一项事后分析使用STRIVE/ReSTORE试验汇总数据,按念珠菌种类和抗真菌药敏情况确定瑞扎芬净与卡泊芬净的治疗结果。
在涉及念珠菌血症和/或侵袭性念珠菌病成人患者的随机、双盲2期STRIVE试验(NCT02734862)和3期ReSTORE试验(NCT03667690)中,证明了每周一次400/200mg瑞扎芬净与每日一次70/50mg卡泊芬净的疗效和安全性。在该分析中,汇总了随机分组后96小时内有记录的念珠菌感染且接受了≥1剂研究药物的患者的数据。根据念珠菌种类和基线最低抑菌浓度(MIC)评估治疗结果。使用欧洲抗菌药物敏感性试验委员会E.Def 7.4肉汤微量稀释法测定药敏情况,瑞扎芬净使用添加吐温20的培养基。

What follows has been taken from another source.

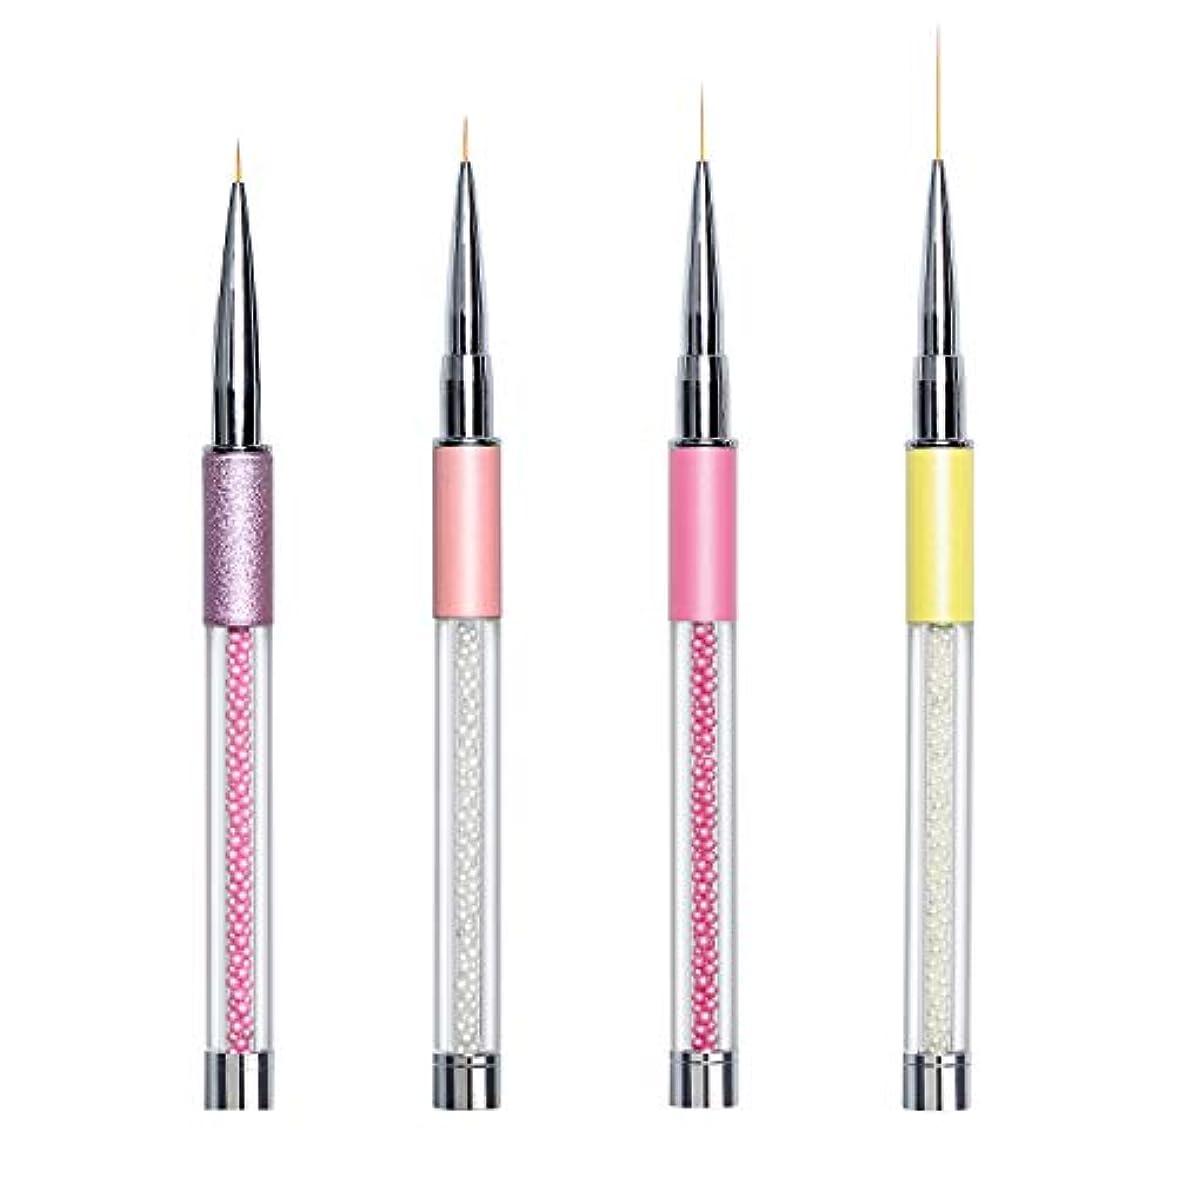 サミットインペリアル記述するZhichengbosi ネールアートペン ネールブラシセット マニキュアツールキット 高品質 ネイルデザイン ドットペン 4本セット(細いセット)

共纳入294例患者(瑞扎芬净组:N = 139,卡泊芬净组:N = 155)。基线药敏试验鉴定出3株对瑞扎芬净不敏感的菌株。白色念珠菌组(瑞扎芬净:61.0% [36/59],卡泊芬净:65.2% [45/69])和热带念珠菌组(瑞扎芬净:70.4% [19/27],卡泊芬净:63.6% [14/22])第14天的总体治愈率在两组间数值相近,但光滑念珠菌组(瑞扎芬净:71.1% [27/38],卡泊芬净:60.0% [21/35])和近平滑念珠菌组(瑞扎芬净:78.6% [11/44],卡泊芬净:55.6% [15/27])中瑞扎芬净组的治愈率高于卡泊芬净组。白色念珠菌组(瑞扎芬净:22.0% [13/59],卡泊芬净:18.8% [13/69])和光滑念珠菌组(瑞扎芬净:15.8% [6/38],卡泊芬净:11.4% [4/35])第30天的全因死亡率在两组间数值相近,但热带念珠菌组(瑞扎芬净:18.5% [5/27],卡泊芬净:31.8% [2/22])和近平滑念珠菌组(瑞扎芬净:7.1% [1/14],卡泊芬净:29.6% [8/27])中卡泊芬净组的死亡率高于瑞扎芬净组。白色念珠菌和近平滑念珠菌的治疗间第5/14天真菌清除率数值相近,但光滑念珠菌和热带念珠菌中瑞扎芬净组的清除率更高。按念珠菌种类划分的治疗结果与治疗特异性MIC无关。
无论基线念珠菌种类如何,瑞扎芬净似乎都是治疗念珠菌血症/侵袭性念珠菌病的有效药物。